Wilmington is where we've seen the softening, simply because we've have contacts come up for renewal. New Haven, again, I mean, it's a long-term contract there, so we really haven't tested the market recently because of the length of contract.
Operator
At this time, there's one name remaining on the roster. [Operator Instructions] And we'll take the next question from Brett Riley with Zimmer Partners.
Louis Shamie
Actually, it's Louis Shamie also from Zimmer Partners. Just a question about the refined products pipes.
You saw rates -- the average tariff there. Volumes were more or less flat with, I guess, the previous quarter, but volume -- the average tariff was up about 20% sequentially.
Can you talk a little bit about what's driving that and kind of how sustainable these changes are?
Michael N. Mears
Well, first of all, I would comment and say that you just look at the components of the refined products volumes. We had strength in diesel volumes and weakness in LPG volumes.
In the LPG volumes, that weakness was really related to the refinery turnaround, and those are low tariff movements. And so if you exclude that, and if you just look at gasoline and diesel fuel, we actually had an increase in volumes.
As far as the drivers for that, again, we continue to see very strong demand in Texas. The diesel volumes we moved to Odessa, really, related to all the activity that's happening in the Permian is one component of that.
We think that's sustainable and perhaps growing. We did see some refinery turnarounds in Mid-Continent, which don't necessarily -- to some extent, they drive incremental volume, since those refinery racks are not operating at full capacity, while they're on turnaround, so that drives some volume and also drives longer haul shipments in our system.
So those items, one can say those are onetime items, and they are, but refineries have turnarounds all the time. So they're repeatable, they just don't repeat every quarter.
Louis Shamie
So whereas kind of in Q1, your average haul was a bit shorter than it usually is. Q2, just because of market dynamics, you were able to get some more long haul.
And that kind of...
Michael N. Mears
I think that's an accurate statement.
Operator
And we do have a question from Sigi Tang with BAM Funds.
Sigi Tang
This is Sigi from BAM. Just curious, first, on your Longhorn expansion.
What kind of rates should we be looking at for this additional 50,000 barrel a day?
Michael N. Mears
Well, the tariffs on that volume will be the same as what we're shipping today. The contracted tariffs will be the same, and the spot tariffs will be the same.
The operating cost on that incremental expansion will be quite a bit higher. We're -- obviously, as we're pushing more through the pipe, the incremental power cost and workover [ph] costs are going to be higher.
We haven't, I think, publicly quantified that. But I think as we get further along and we've nailed down the scope and exactly what we need to do will provide some more guidance on that.
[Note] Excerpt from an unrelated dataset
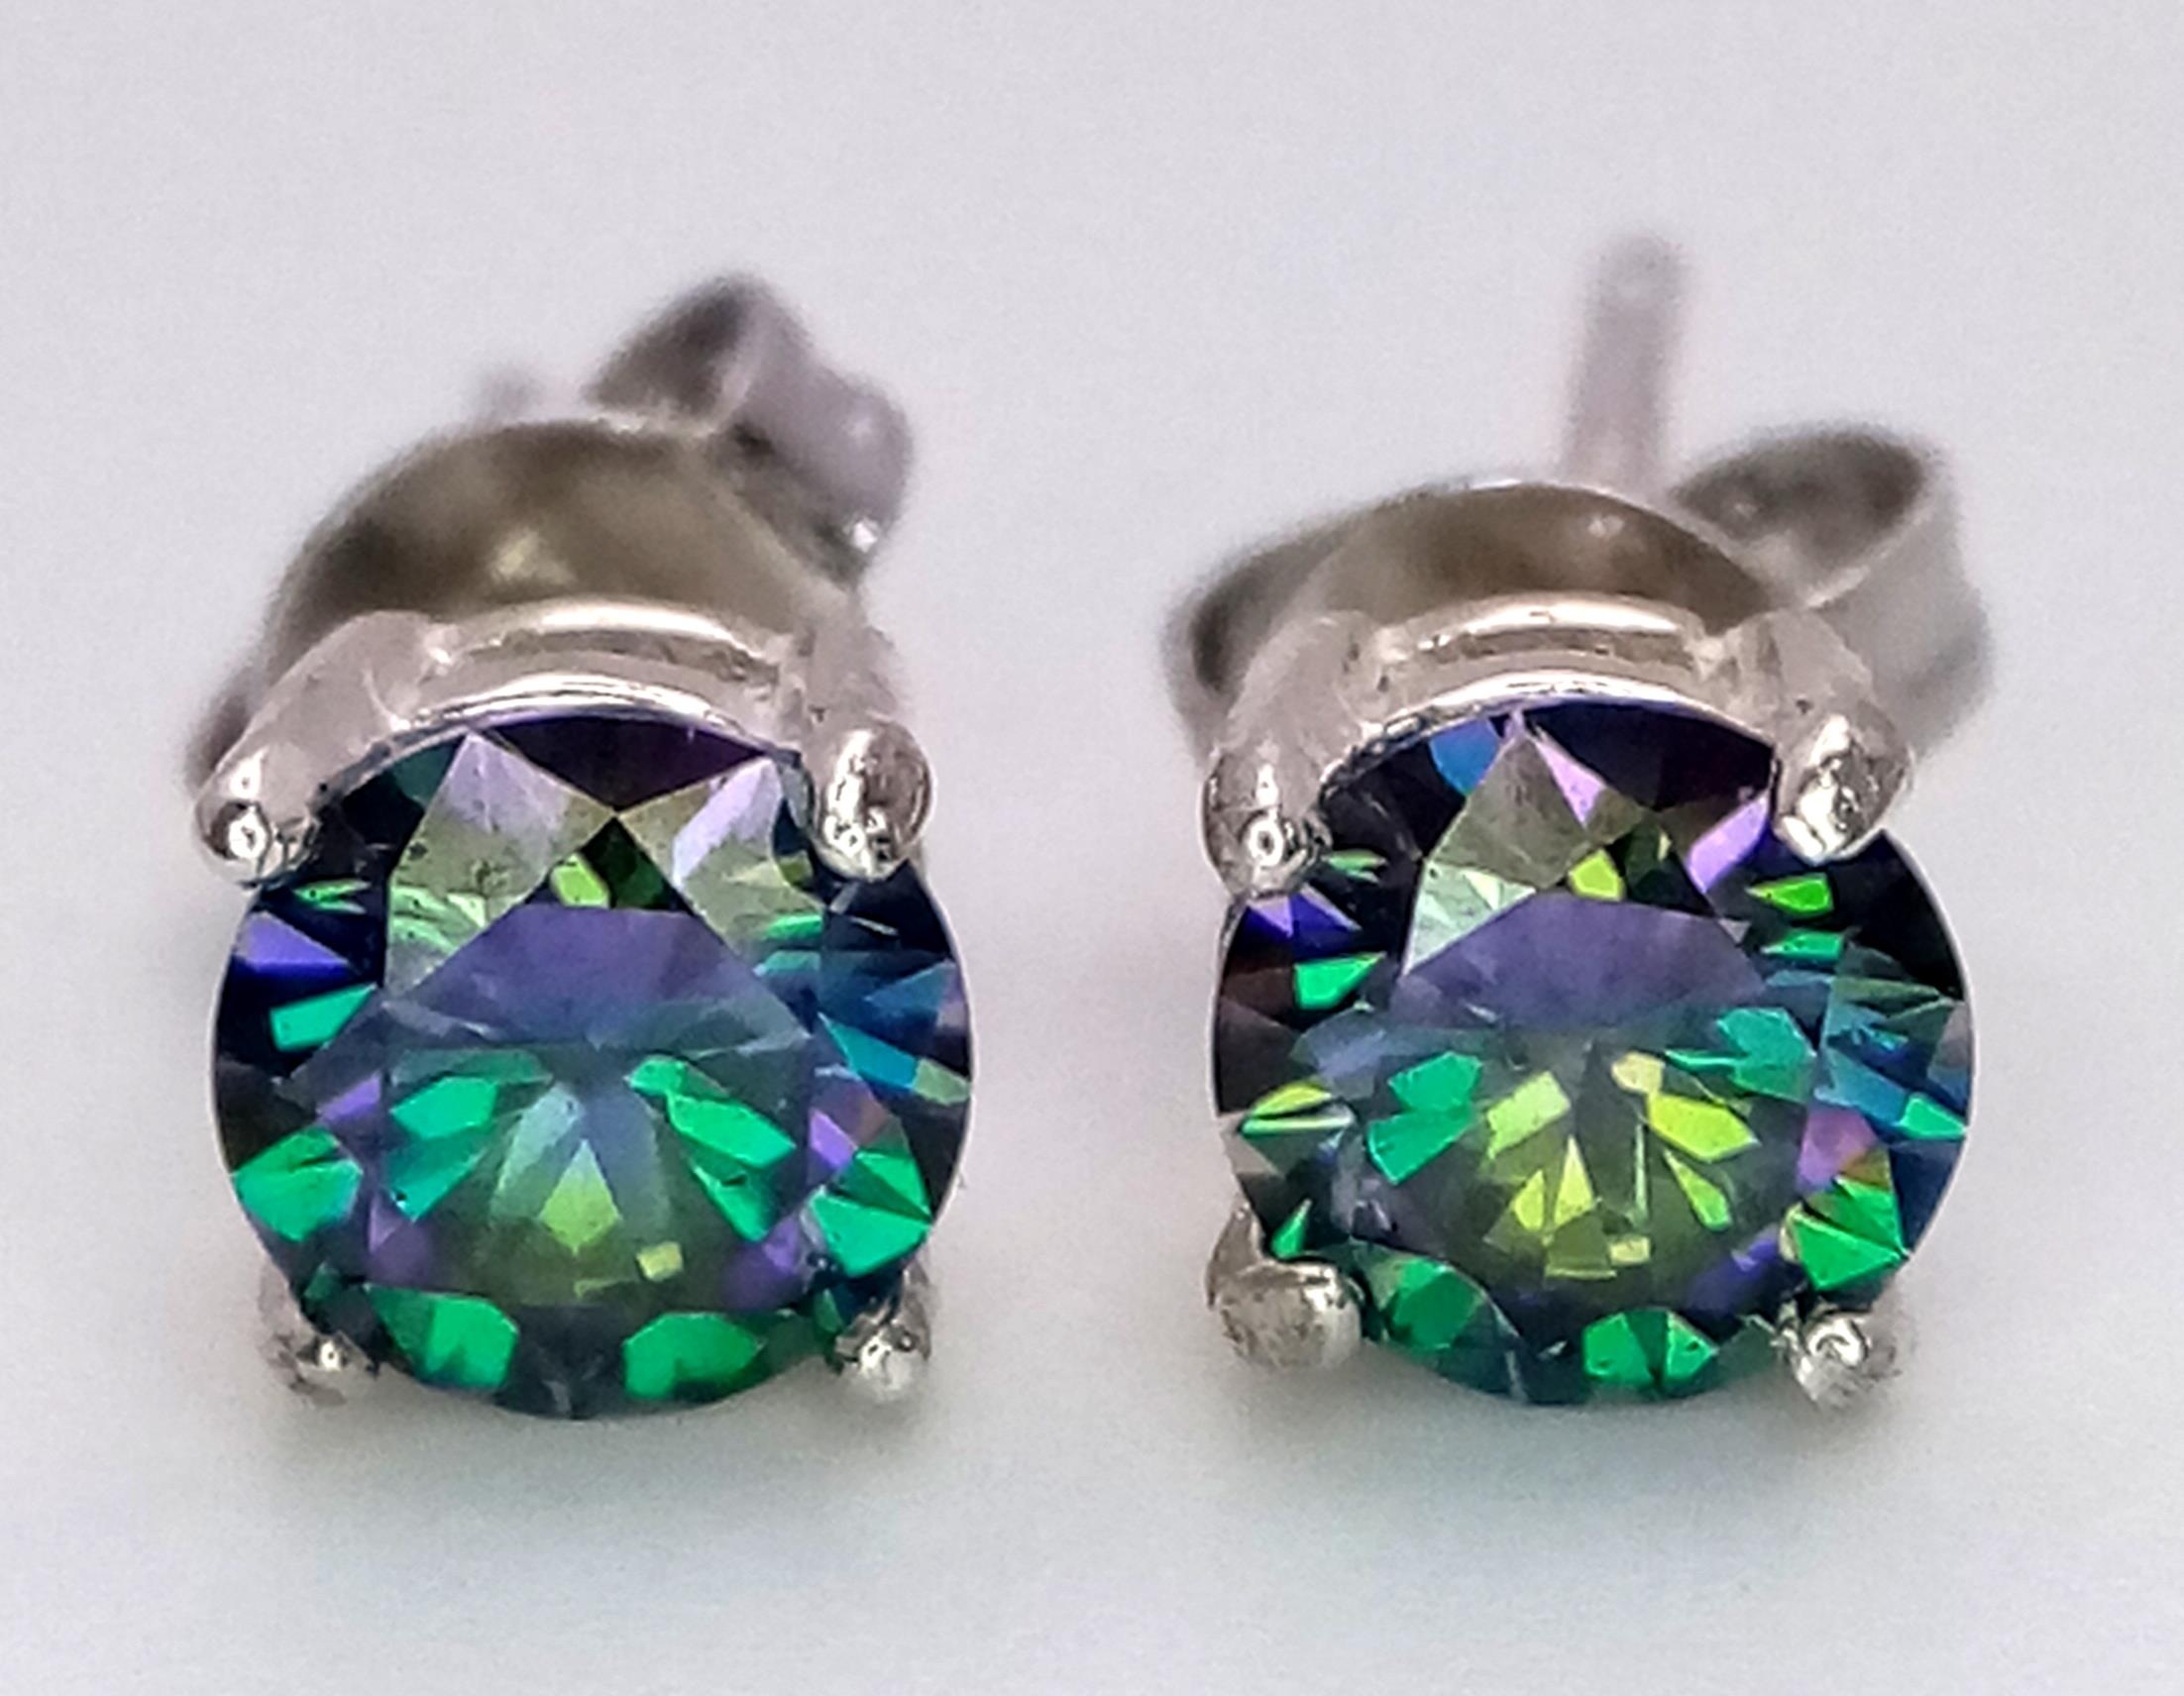 A Pair of 0.5ct Rainbow Moissanite Stud Earrings. Set in 925 silver. Both come with GRA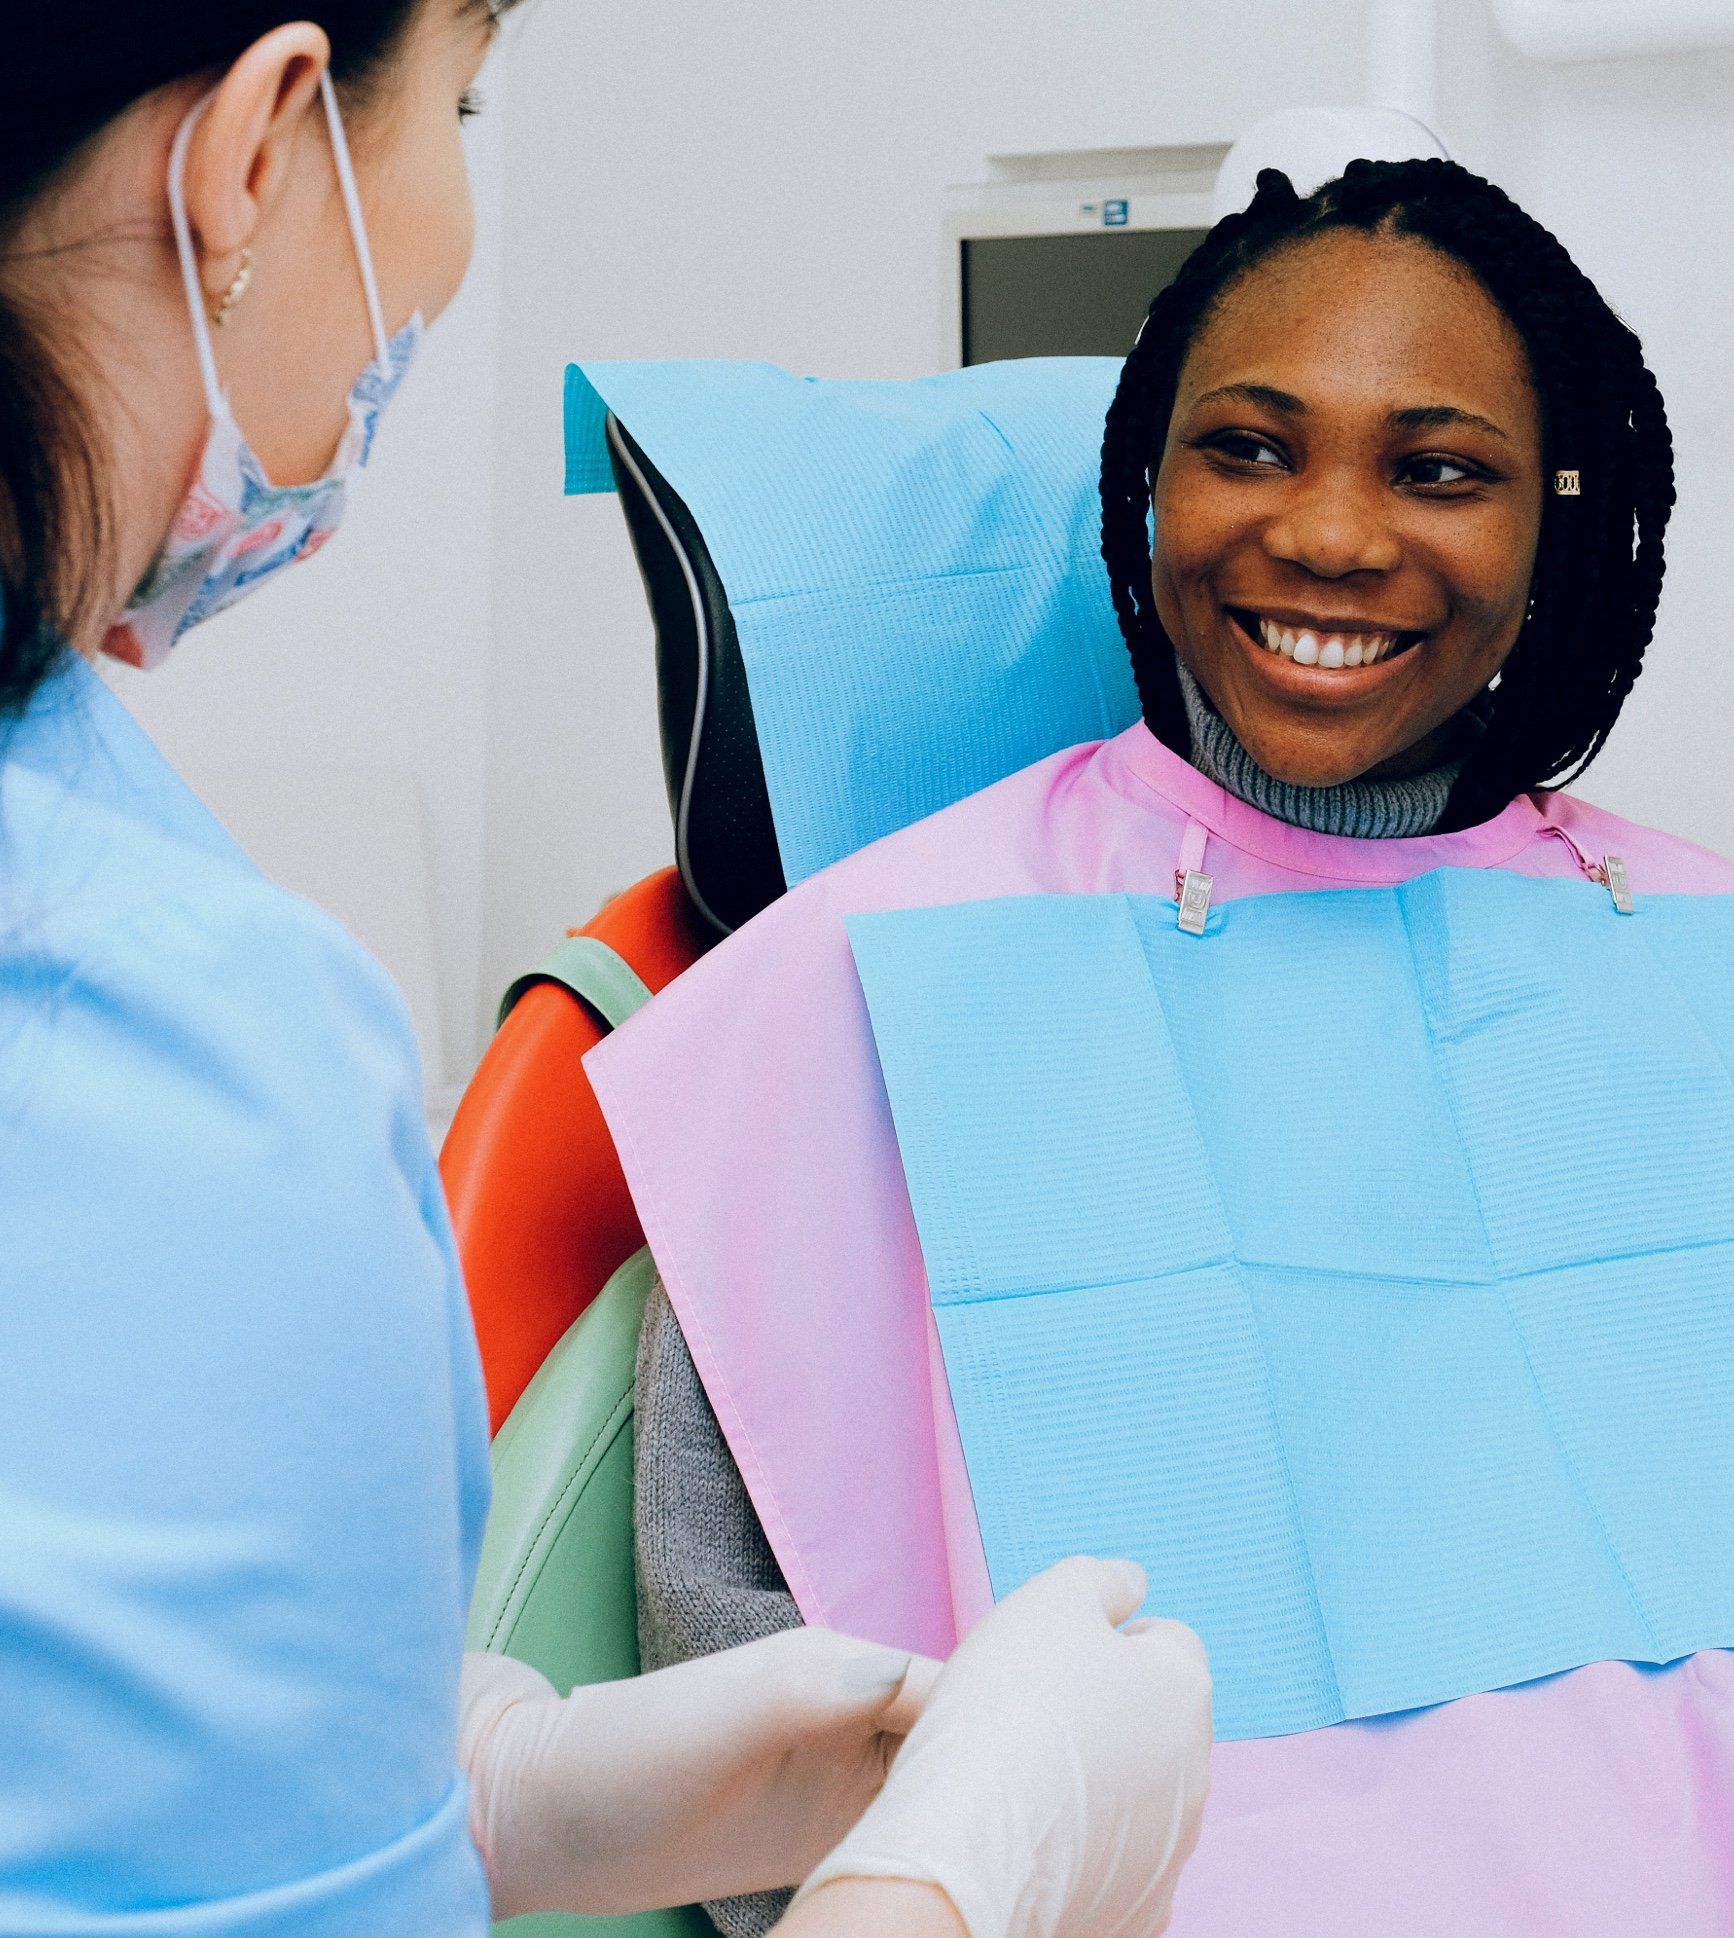 A Woman is sitting in a Dental Chair and smiling at the dentist

But it's going to be lower than what -- the incremental margin's lower than what the base volumes are even though the tariff's the same due to the cost. But we will -- I think in a future call, we'll probably get more guidance on what that margin will be, once we're certain were going to proceed.
Sigi Tang
Got it. And in terms of your backlog of new projects, should I think is more like a crude-focused?
Or is it going to be more like refined products-focused? Is it going to be like more pipeline or more terminals?
Like, just give us some direction on that.
Michael N. Mears
Yes, just -- I mean, again, we publicly said about 75% of that backlog is crude oil-related and they're pipeline and storage projects both. So those are the primary components of that.
Operator
And there are no other questions. I'd like to turn it back over to Mike Mears for any additional or closing remarks.
Michael N. Mears
All right. Well, I want to thank, everyone, for your time today.
We're optimistic about our ability to continue our consistent growth. And we appreciate your continued interest and support of Magellan.
Have a good afternoon.
Operator
Thank you very much. That does conclude our conference for today.
I'd like to thank, everyone, for your participation, and you may now disconnect.